La SCI Faccimo ne peut donc à hauteur d’appel, rechercher la garantie de la société Generali sur le fondement de la garantie de bon fonctionnement, ni sur le fondement décennal.
L’examen du contrat permet de confirmer que le volet « Responsabilité civile » exclut expressément de la garantie, page 24, « les frais correspondant à la Prestation initiale de l’assuré ou ceux qui se révèlent nécessaires à l’exécution de son obligation de fournir une Prestation exempte de vice ou défectuosité ».
Contrairement à ce que soutient la SCI Faccimo, cette clause d’exclusion est formelle et limitée, conformément à l’article L.113-1 du code des assurances et elle ne vide pas le contrat de sa substance.
En l’espèce, la demande porte sur les travaux nécessaires pour remédier aux vices affectant la VMC ainsi que sur le préjudice de jouissance qui en résultait. Ces préjudices résultant de manquements contractuels, ne sont pas garantis par la police souscrite par la société Reo.
Dans ces conditions, le jugement est confirmé en ce qu’il a rejeté les demandes formées au titre de la garantie facultative de la société Generali.
Sur les dépens et les frais irrépétibles
Il est rappelé que les dispositions qui concernent Mme [W] sont définitives.
Le sens de l’arrêt conduit à confirmer intégralement le jugement en ses dispositions relatives aux dépens et à l’article 700 du code de procédure civile.
La SCI Faccimo, qui succombe en son appel, est condamnée aux entiers dépens d’appel.
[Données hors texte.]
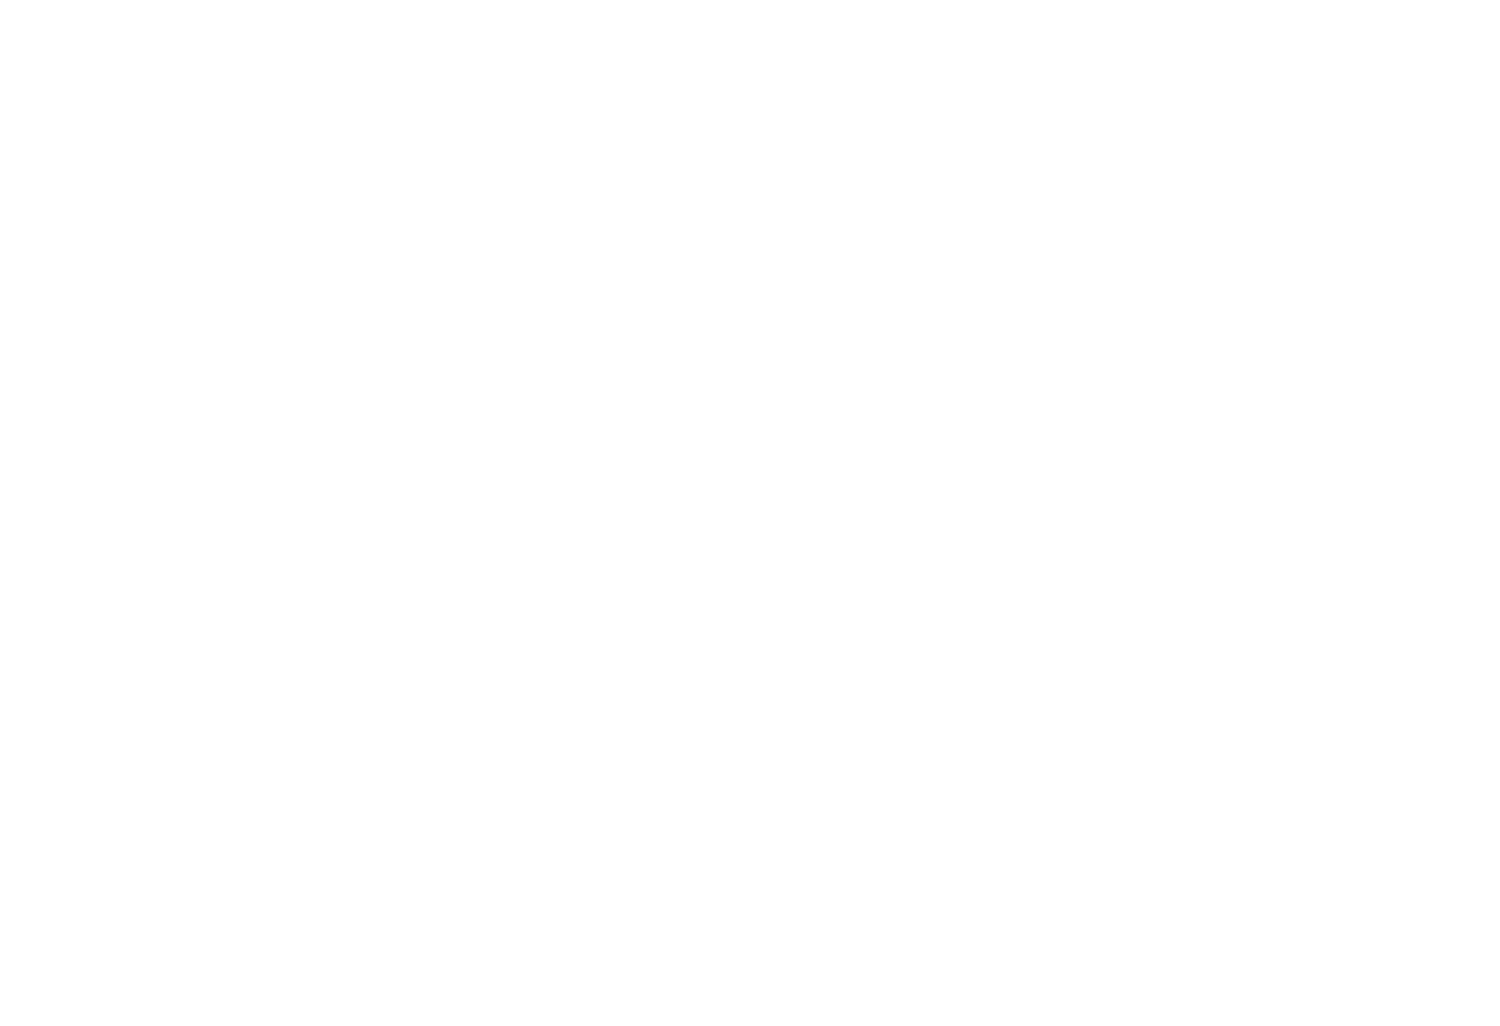 Victor Fox Photography

Selon l’article 700 1° de ce code, le juge condamne la partie tenue aux dépens ou qui perd son procès à payer à l’autre partie la somme qu’il détermine au titre des frais exposés et non compris dans les dépens, le juge tient compte de l’équité ou de la situation économique de la partie condamnée.
La SCI Faccimo est condamnée à payer une somme de 3 000 euros à la société Enedis et une somme de 2 000 euros à la société Generali. Elle est déboutée de sa demande.
PAR CES MOTIFS
La cour,
Statuant après débats en audience publique, par arrêt contradictoire rendu en dernier ressort, mis à disposition au greffe,
Confirme le jugement du 21 janvier 2022 rectifié le 20 mai 2022 en toutes ses dispositions ;
Y ajoutant,
Condamne la SCI Faccimo aux entiers dépens d’appel ;
Condamne la SCI Faccimo à payer une somme de 3 000 euros à la société Enedis et une somme de 2 000 euros à la société Generali Iard.
Prononcé par mise à disposition de l’arrêt au greffe de la cour, les parties en ayant été préalablement avisées dans les conditions prévues au deuxième alinéa de l’article 450 du code de procédure civile.
Signé par Madame Fabienne TROUILLER, Présidente et par Madame Jeannette BELROSE, Greffière, auquel la minute de la décision a été remise par le magistrat signataire.